[Entries supplied Boundary: Start]
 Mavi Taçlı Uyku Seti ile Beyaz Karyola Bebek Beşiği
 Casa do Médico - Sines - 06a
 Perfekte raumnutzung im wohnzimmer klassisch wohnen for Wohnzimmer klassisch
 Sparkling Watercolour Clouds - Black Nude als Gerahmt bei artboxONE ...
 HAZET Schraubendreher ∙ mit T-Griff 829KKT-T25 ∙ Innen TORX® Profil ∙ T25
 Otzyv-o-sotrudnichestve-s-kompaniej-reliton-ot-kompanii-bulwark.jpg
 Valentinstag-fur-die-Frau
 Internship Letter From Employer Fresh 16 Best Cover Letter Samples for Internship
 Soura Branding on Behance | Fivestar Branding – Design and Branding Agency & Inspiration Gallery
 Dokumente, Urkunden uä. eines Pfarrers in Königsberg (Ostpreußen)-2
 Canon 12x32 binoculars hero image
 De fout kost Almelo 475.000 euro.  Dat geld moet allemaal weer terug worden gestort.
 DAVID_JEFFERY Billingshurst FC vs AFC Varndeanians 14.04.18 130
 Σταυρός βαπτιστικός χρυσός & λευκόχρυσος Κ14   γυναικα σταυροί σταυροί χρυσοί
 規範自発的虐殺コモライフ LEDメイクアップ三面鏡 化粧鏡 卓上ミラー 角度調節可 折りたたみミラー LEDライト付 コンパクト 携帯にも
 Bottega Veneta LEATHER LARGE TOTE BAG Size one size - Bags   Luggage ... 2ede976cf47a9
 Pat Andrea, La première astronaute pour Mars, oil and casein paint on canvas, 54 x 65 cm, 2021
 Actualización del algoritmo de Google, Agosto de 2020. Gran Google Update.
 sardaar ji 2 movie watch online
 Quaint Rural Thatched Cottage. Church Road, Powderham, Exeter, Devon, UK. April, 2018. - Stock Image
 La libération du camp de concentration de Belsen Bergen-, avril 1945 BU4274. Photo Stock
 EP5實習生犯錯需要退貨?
[Entries supplied Boundary: End]
# Task brief:
Set down nothing but the lines from the one containing "DAVID_JEFFERY Billingshurst FC" through the final line above, exactly as written.

# Result of this exercise:
 DAVID_JEFFERY Billingshurst FC vs AFC Varndeanians 14.04.18 130
 Σταυρός βαπτιστικός χρυσός & λευκόχρυσος Κ14   γυναικα σταυροί σταυροί χρυσοί
 規範自発的虐殺コモライフ LEDメイクアップ三面鏡 化粧鏡 卓上ミラー 角度調節可 折りたたみミラー LEDライト付 コンパクト 携帯にも
 Bottega Veneta LEATHER LARGE TOTE BAG Size one size - Bags   Luggage ... 2ede976cf47a9
 Pat Andrea, La première astronaute pour Mars, oil and casein paint on canvas, 54 x 65 cm, 2021
 Actualización del algoritmo de Google, Agosto de 2020. Gran Google Update.
 sardaar ji 2 movie watch online
 Quaint Rural Thatched Cottage. Church Road, Powderham, Exeter, Devon, UK. April, 2018. - Stock Image
 La libération du camp de concentration de Belsen Bergen-, avril 1945 BU4274. Photo Stock
 EP5實習生犯錯需要退貨?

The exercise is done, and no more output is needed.